DIRECTIONS FOR THIS TASK -> Reproduce the whole listing exactly and let no picture into the copy.

RECORDED INFORMATION ->
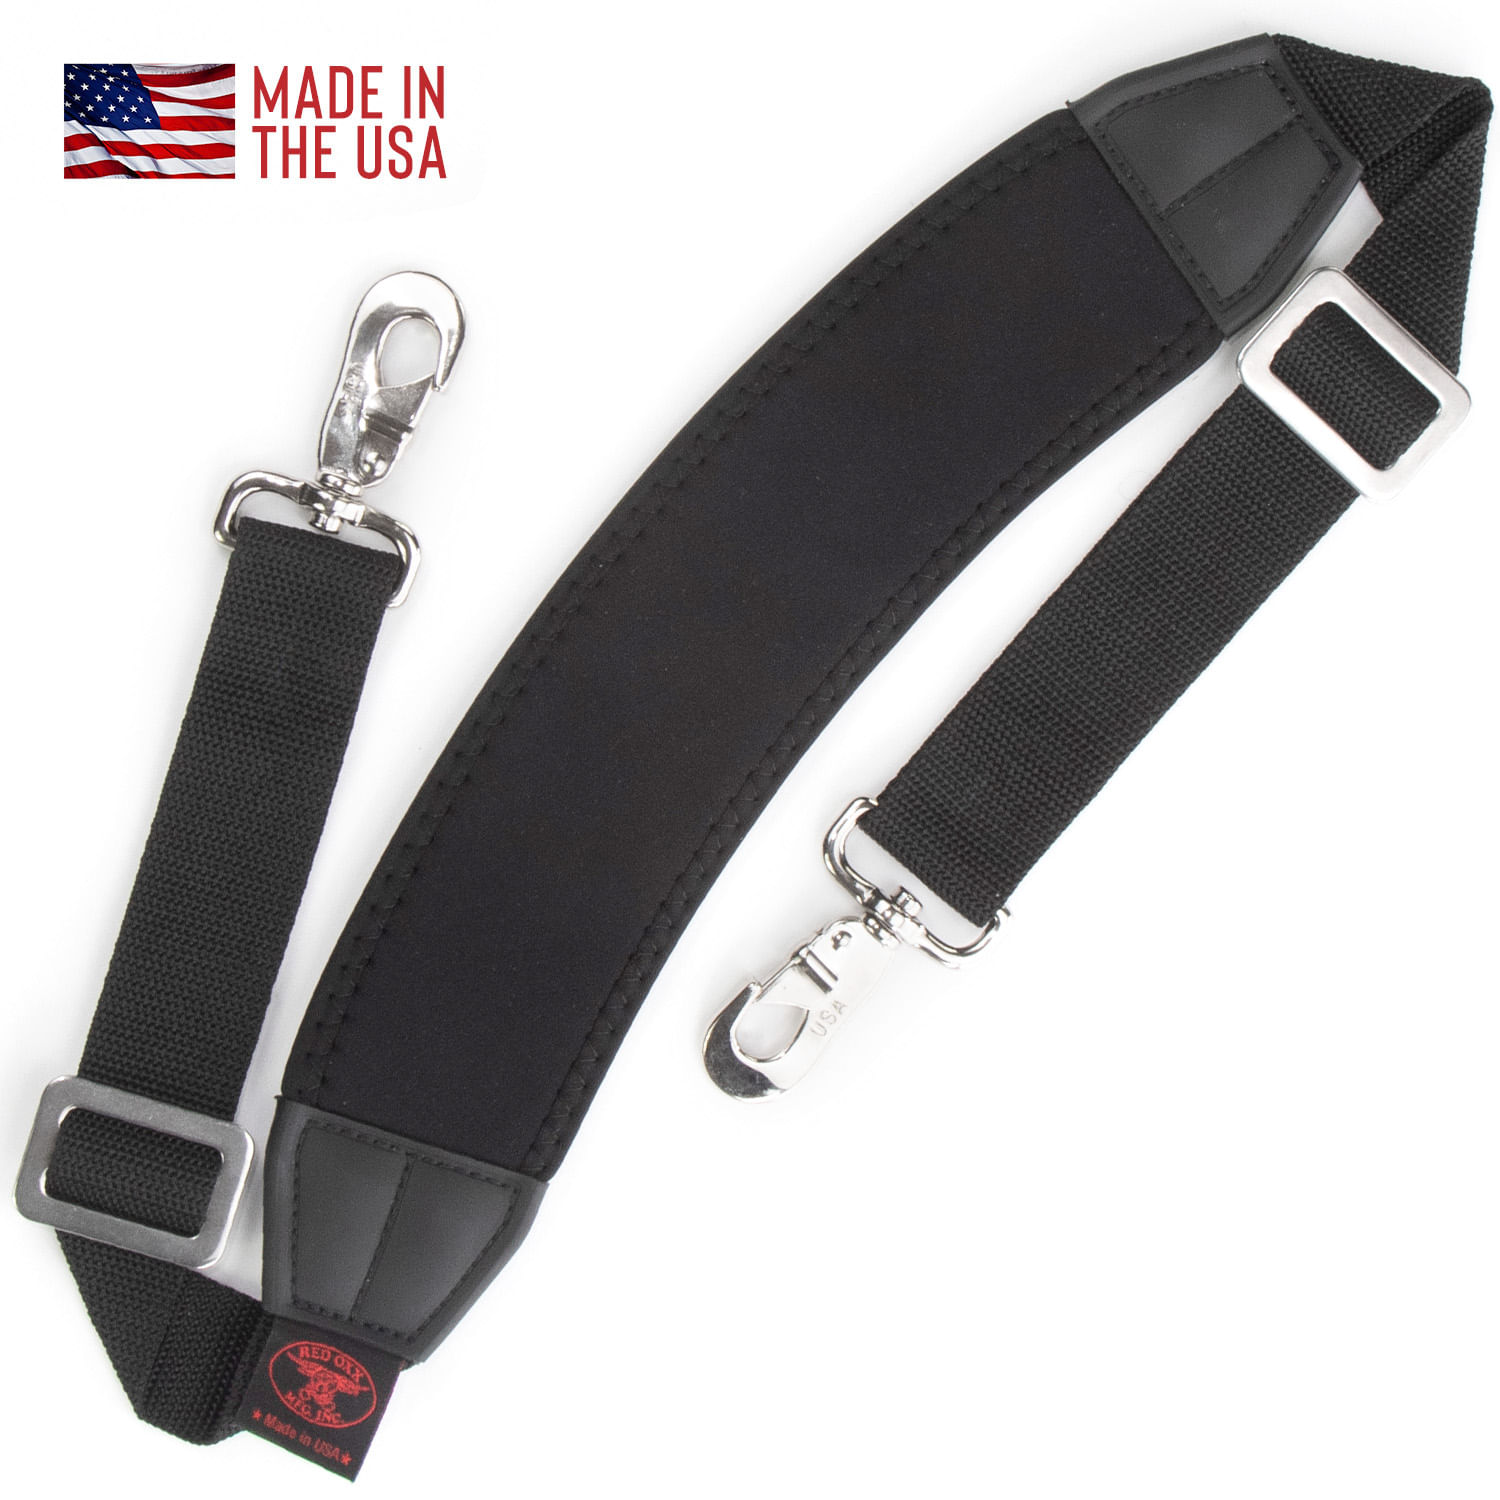 External Luggage Compression Strap by Red Oxx Mfg. Under $9.00
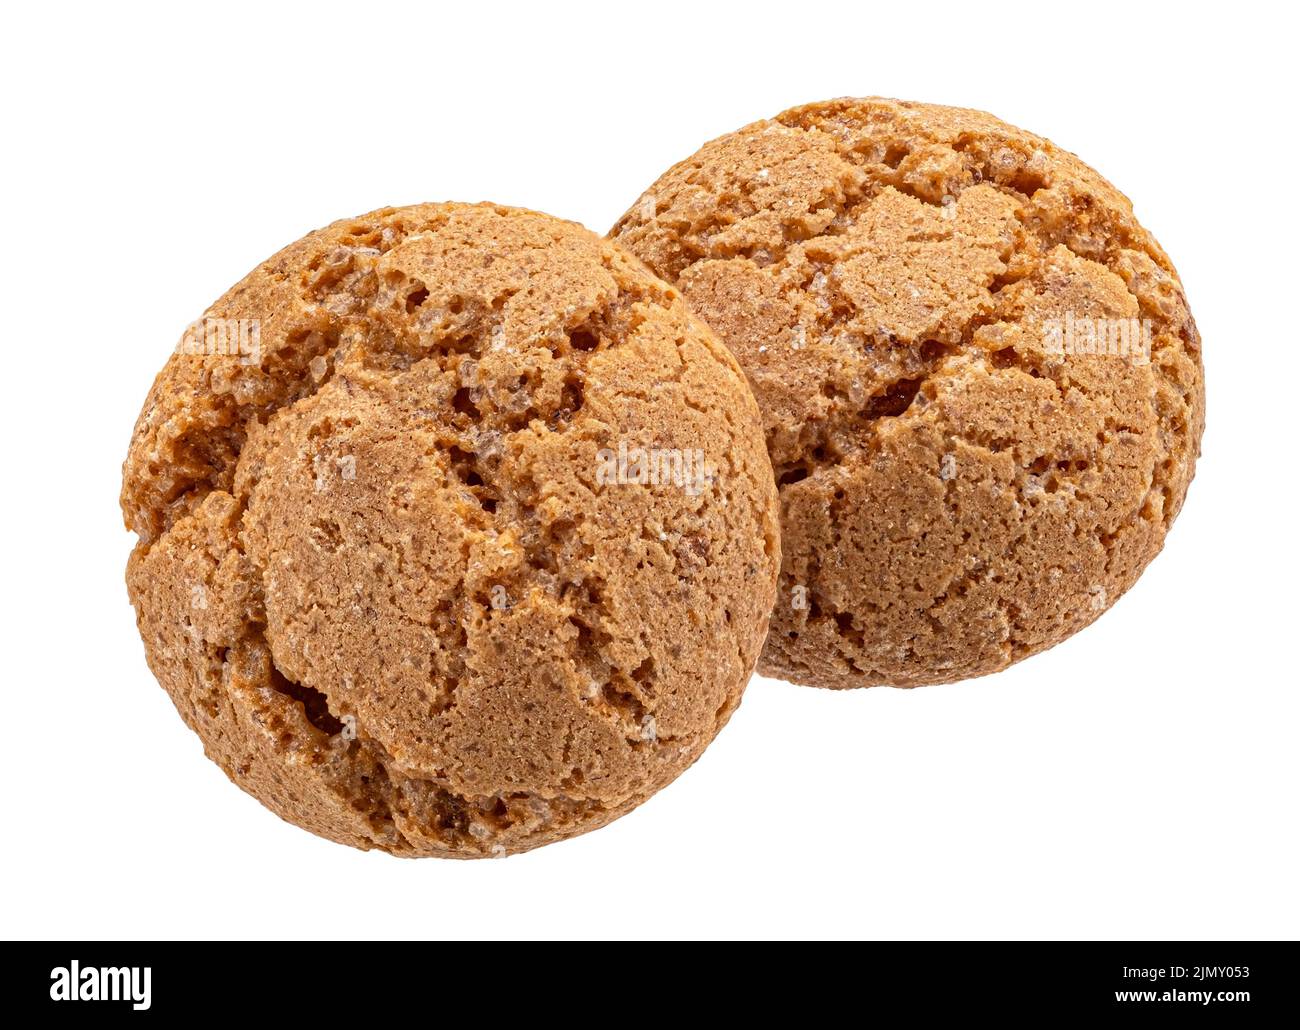 & Alamy Cut amaretti Pictures Out Stock - Images Italian cookies
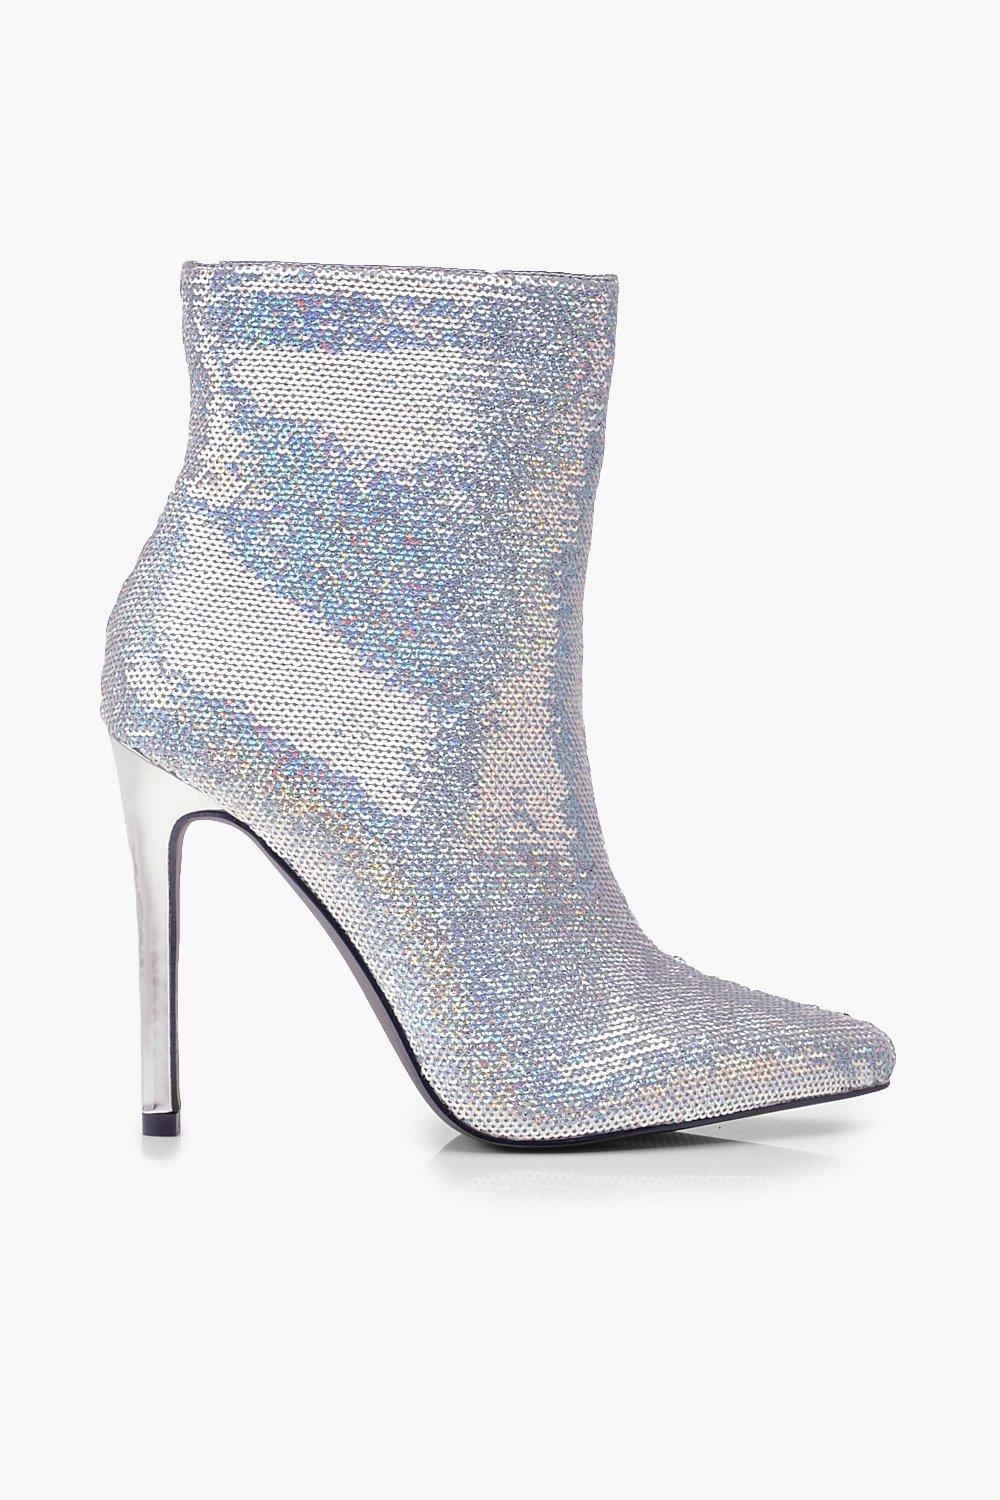 Sequin Pointed Shoe Boots | Boohoo UK
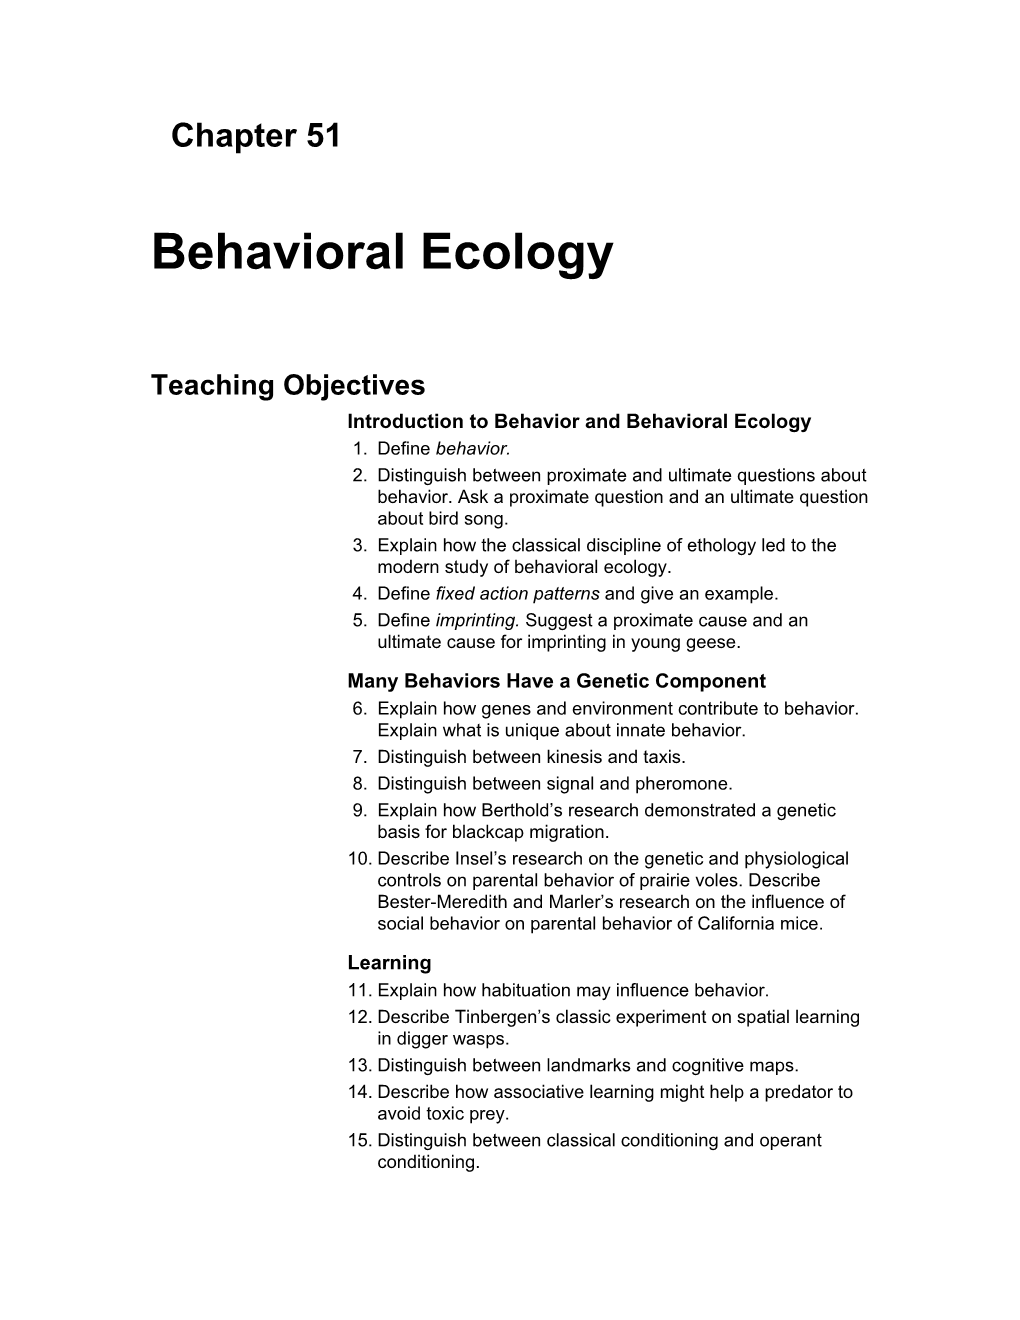 Introduction to Behavior and Behavioral Ecology

RESULT ->
 External Luggage Compression Strap by Red Oxx Mfg. Under $9.00
 & Alamy Cut amaretti Pictures Out Stock - Images Italian cookies
 Sequin Pointed Shoe Boots | Boohoo UK
 Introduction to Behavior and Behavioral Ecology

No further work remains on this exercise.